In the context of the report, climate finance is understood as financial resources committed by MDBs to their operations directed to activities that mitigate climate change and or support the adaptation to climate change.

Mitigation finance is financing that contributes to the avoidance or reduction of greenhouse gas emissions or promotes efforts to achieve these goals while adoption finance is financing that contributes to resilience or the adaptation to climate change.

The joint report was coordinated by the European Investment Bank and combines data from the IsDB, the African Development Bank, the Asian Development Bank, the Asian Infrastructure Investment Bank, the Council of Europe Development Bank, the European Bank for Reconstruction and Development, the InterAmerican Development Bank Group, the New Development Bank as well as the World Bank Group.

Key statistics for low- and middle-income economies in 2021

• US$50.67 billion of financing was for low-income and middle-income economies.

• US$33.06 billion, or 65%, was for climate change mitigation finance

• US$17.61 billion, or 35%, was for climate change adaptation finance.

• US$41.12 billion of MDB climate finance was channeled to public recipients and US$10.46 billion for private recipients

• Climate finance investments in low- and middle-income economies were supported by a total of US$43.6 billion in climate co-finance, with 66% in mitigation activities and 34% in adaptation activities, and

• 70% of climate co-finance in low- and middle-income economies came from public sources and 30% from private sources.

It is worth noting that the vast majority (71%) of climate finance issued to low- and middle-income economies was in the form of investment loans, which is a debt instrument. In accordance with the pattern of debt-based financing, mitigation finance for low- and middle-income economies was also dominated by investment loan financing at 76%.

While the figures on investment loan financing for low- and middle-income economies seem considerable, the data for high-income economies show an even larger prominence of investment loan financing. At least 90% of climate financing, adaptation financing and mitigation financing for high-income economies were financed with investment loans with adaptation financing seeing the highest proportion of investment loan financing at 94%.

Another notable trend in the figures is the consistently higher amounts of climate finance channeled toward high-income economies. The IsDB and the African Development Bank were the only MDBs which have channeled climate financing to low- and middle-income economies exclusively in 2021.

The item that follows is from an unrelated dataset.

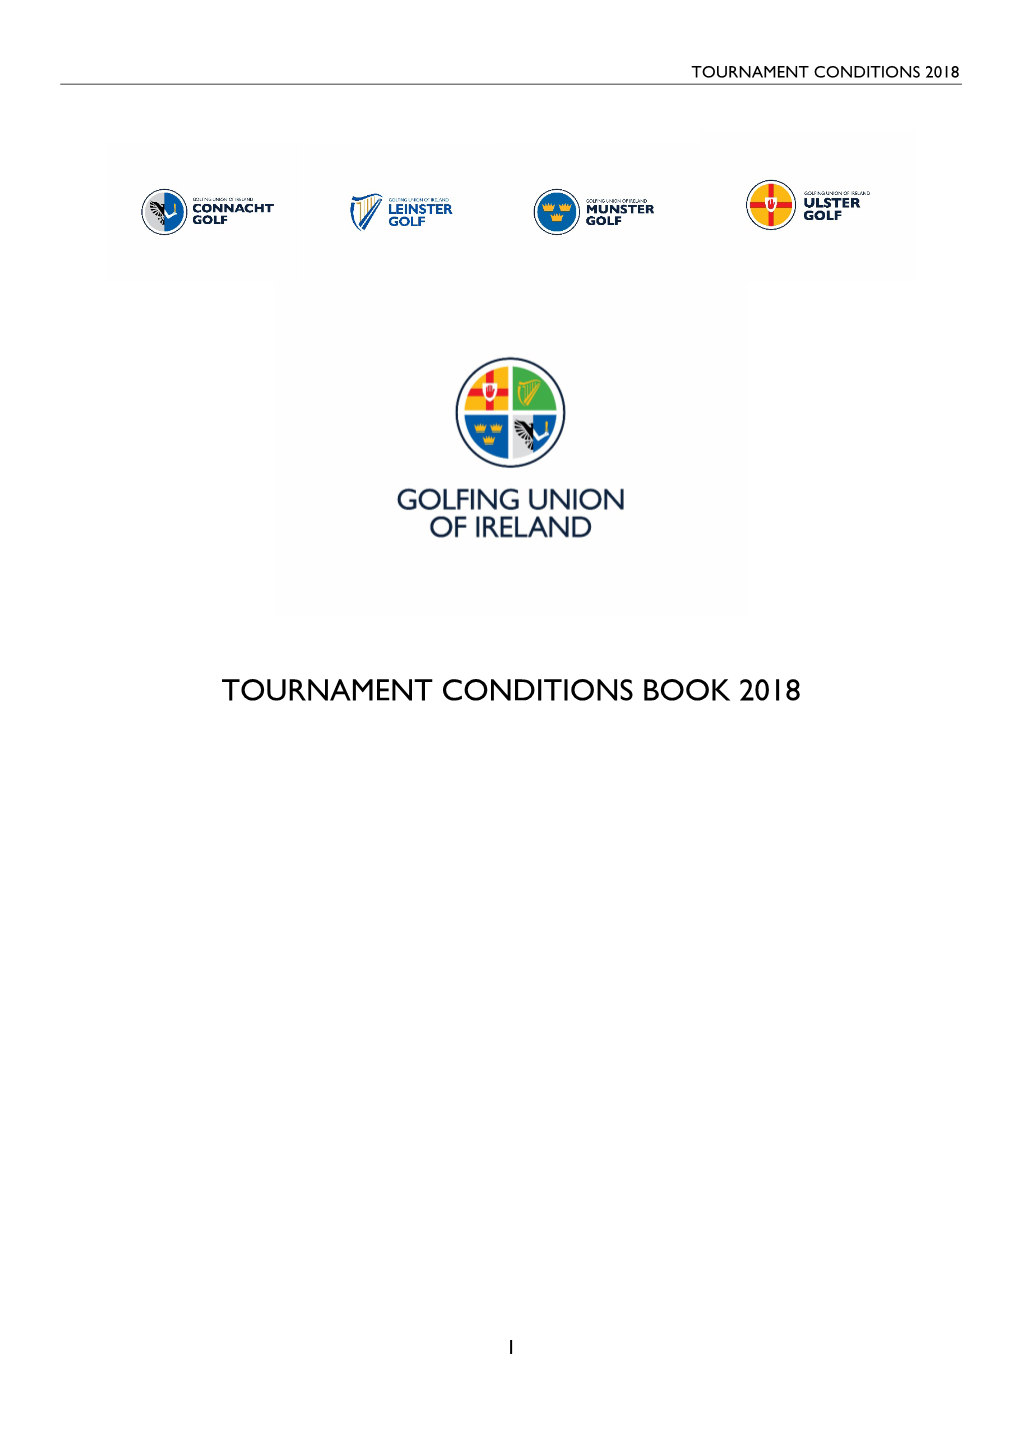 Tournament Conditions Book 2018

The total financing by MDBs in 2021 has surpassed the joint climate finance goals set for 2025 of an expected collective total of US$50 billion for low- and middle-income economies, at least US$65 billion of climate finance distributed globally, a projected doubling of adaptation finance to US$18 billion and private mobilization of US$40 billion.

The MDBs set the High Level MDB Statement on climate finance goals for 2025 in 2019 at the UN Secretary-General’s Climate Action Summit in New York.